Canaletto is known to have used Camera Ottica to mechanically assist in creating his cityscapes of Venice, but closer study reveals that that wasn't the end of the story. He manipulated the perspective in his scenes, sometimes changing the vantage point and giving a more flattened and distant view. Pushing the stationpoint back gives the viewer a more panoramic and flattened picture plane.

I call it Superman Perspective. It’s the flattened way things would look if you could see detail from a thousand miles away. In his “Westminster Bridge” painting, we get the sense that Canaletto must have used a high-powered telescope to see his subject. There’s very little evidence of linear perspective in the arches under the bridge. The closer you are, the more distortion will be apparent. In reality, you’d have to swing your head around to take in this whole scene, and the bridge would appear to balloon towards you in the center. Canaletto has made the artistic choice to straighten the bridge ‘unnaturally’.

It’s more impersonal, but it depends upon your goal. Maybe, in the end, the telescopic view speaks volumes about Canaletto’s personality. Perhaps he wanted to see the world from a distance, to rise above the cacophony of human interactions. For someone like Caravaggio, on the other hand, human drama was clearly the very stuff of life. He'd have us sit right at the table in Supper at Emmaus, involving us directly in the conversation.

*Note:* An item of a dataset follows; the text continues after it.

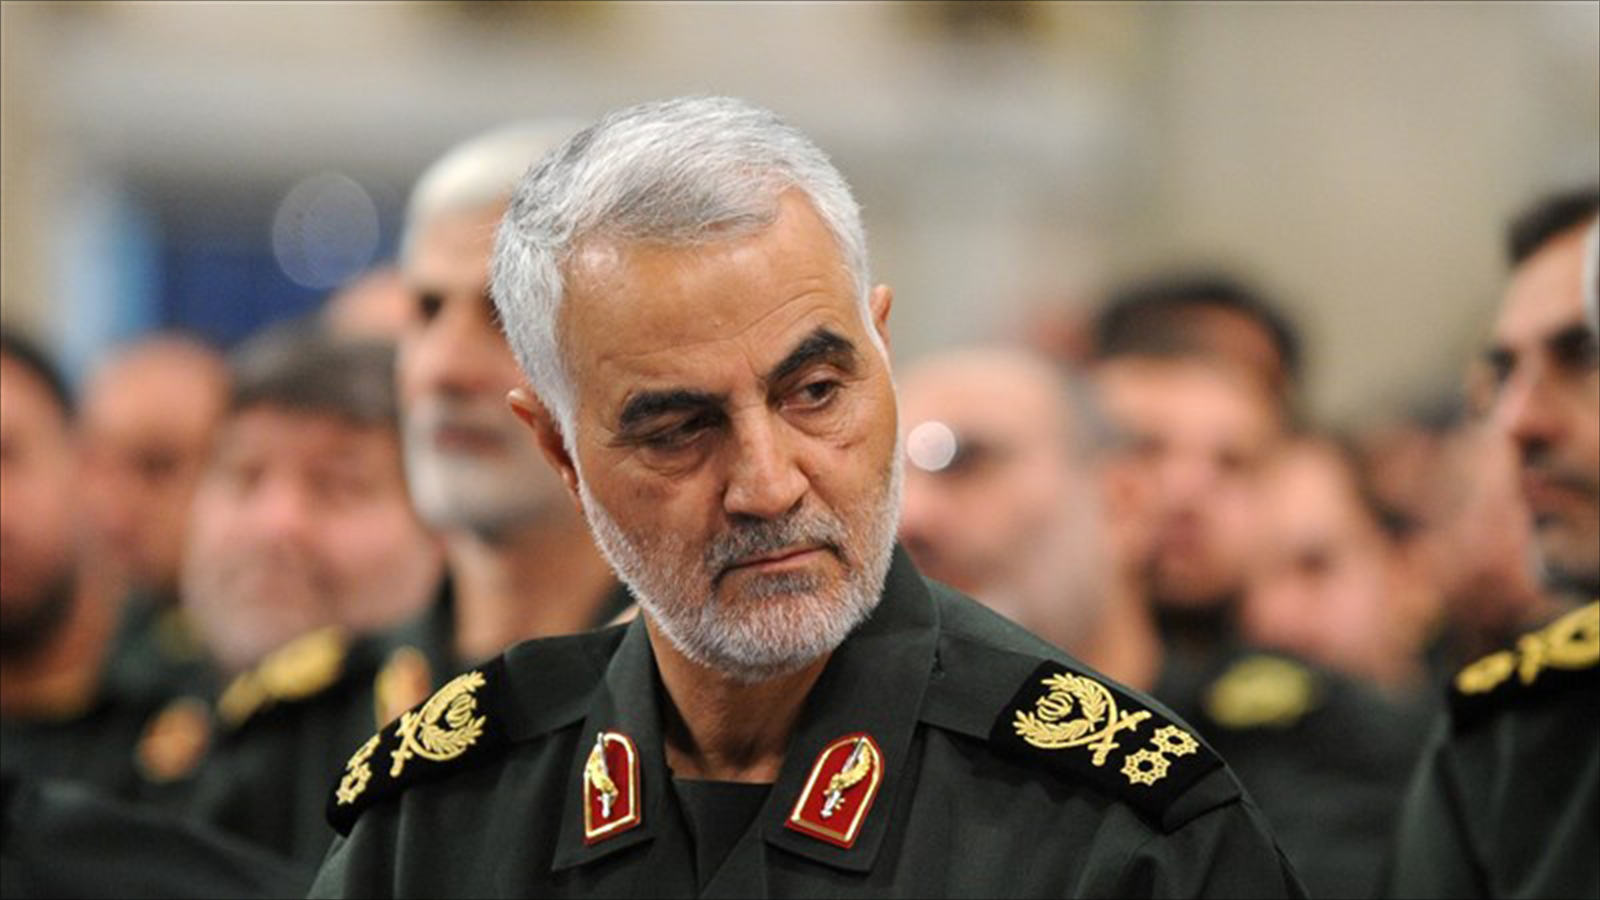 دور سياسي ينتظر الجنرال سليماني يخرجه من دائرة الجنرال الظل (الصحافة الإيرانية)
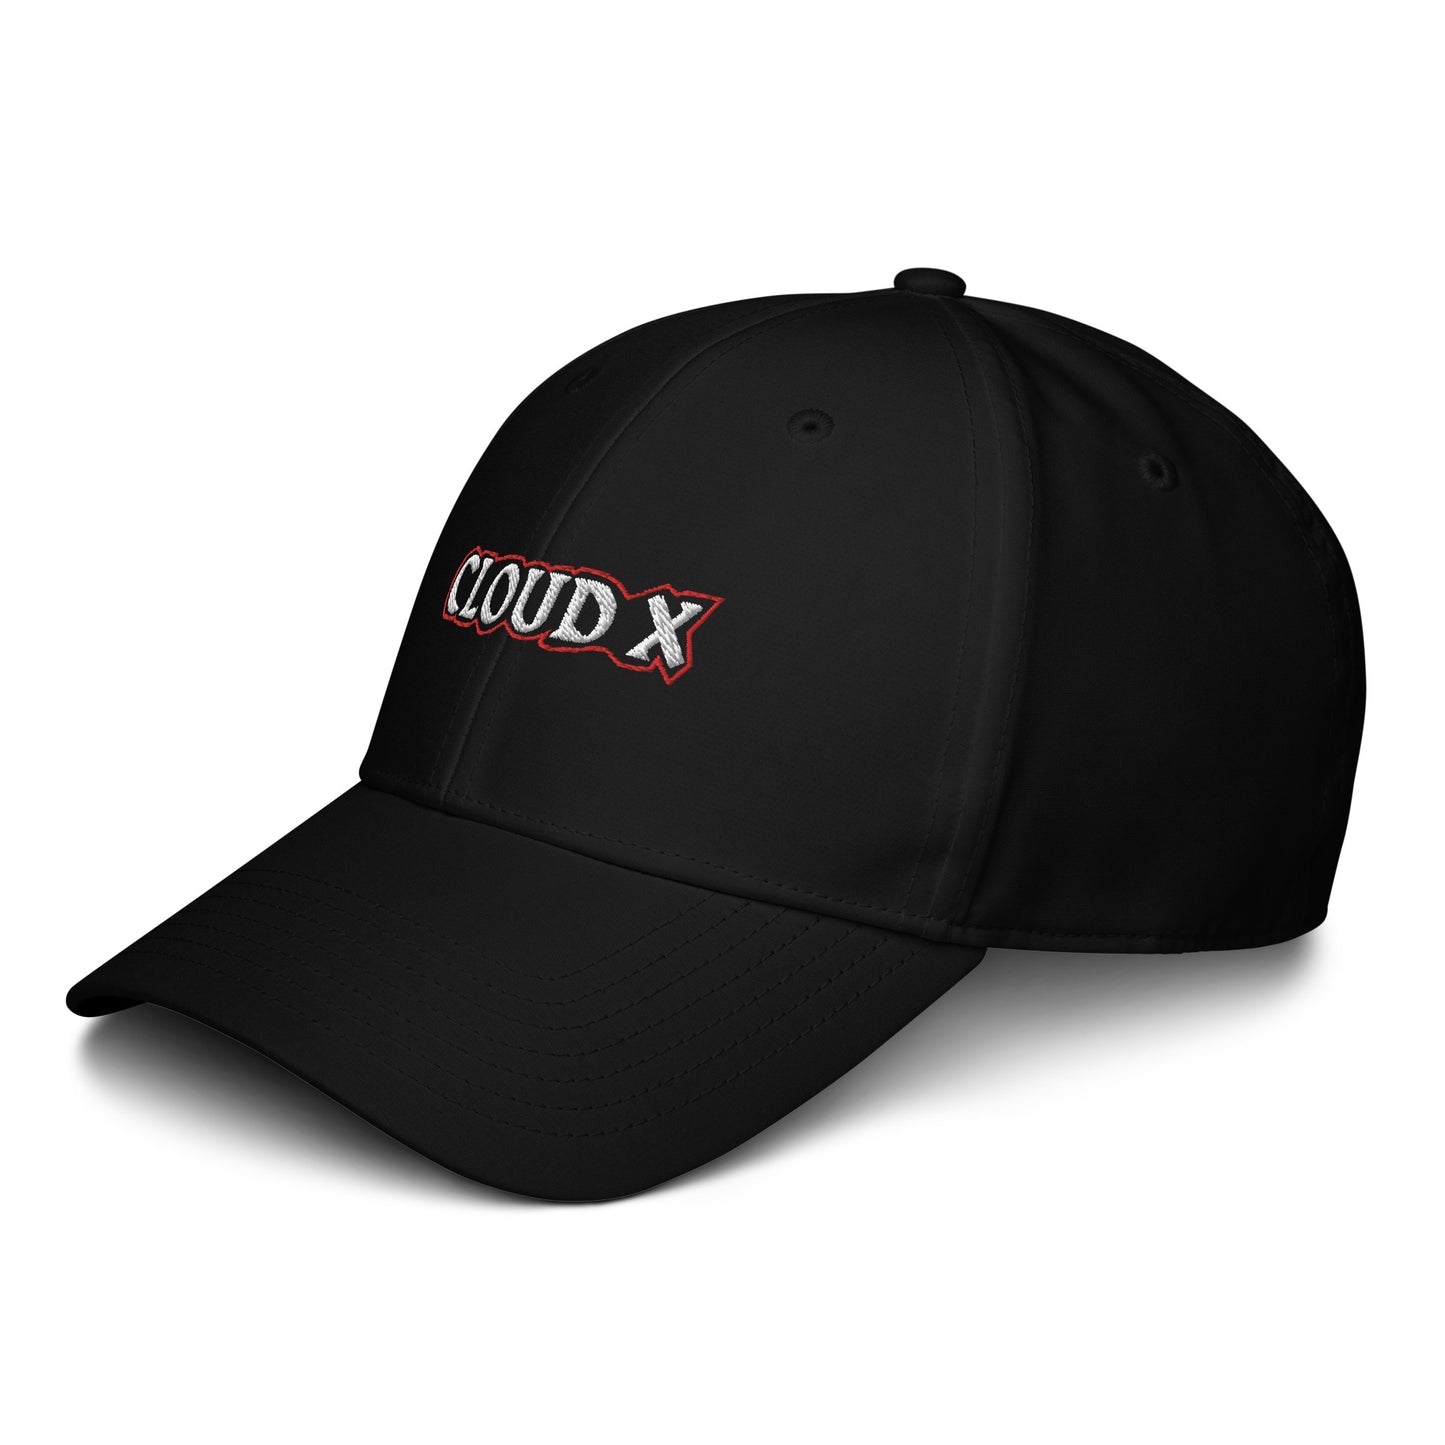 ADIDAS x CLOUD X BASEBALL CAP

These cubes drawn in two-point perspective (above) illustrate my point. In A, on the left, the viewer is positioned a thousand miles away from the cube, viewing it as if with Superman’s supervision. The red orthogonals (lines drawn along receding parallel lines to the vanishing point) of the cube stretch out to some infinitely distant theoretical point on either side when presumably they would converge into Vanishing Points 1 and 2. The further away from the object we are, the further away the vanishing points are.

They closer we get to the object (or more accurately the picture plane), the closer to the centre line those Vanishing Points come. In B, on the right, we are so close to the cube that it’s sides have become completely distorted and are towering over us. You can see that the vanishing points (VP1 and VP2) are so close to the center line that they are visible within the frame. This is known in architectural draughting as “accelerated perspective,” because it gives an exaggerated sense of spatial depth.


In both these photos of the same vase from the Vanderbilt mansion in Rhode Island, the horizon line is level with the lion’s head. However, there’s a difference: we can tell that the camera was closer to the vase in the photo on the right. How do we know? The orthogonals on the right photo recede to vanishing points closer to the center line. This creates the kind of distortion we saw in the cube illustration.

In a large mural of a niche, for example, we would want to paint the vase more as it appears on the left, regardless of the stationpoint of the viewer in actual space. Why? Too much distortion in a mural is ugly (that's just my opinion).  I'm not talking about anamorphism here (where the stationpoint strictly determines the construction of the paintings perspective), I'm talking about wall sized paintings in the style of the French landscape panoramas of Zuber et Cie. I'd argue that large murals are meant to be viewed from a distance, so our linear perspective should reflect that. 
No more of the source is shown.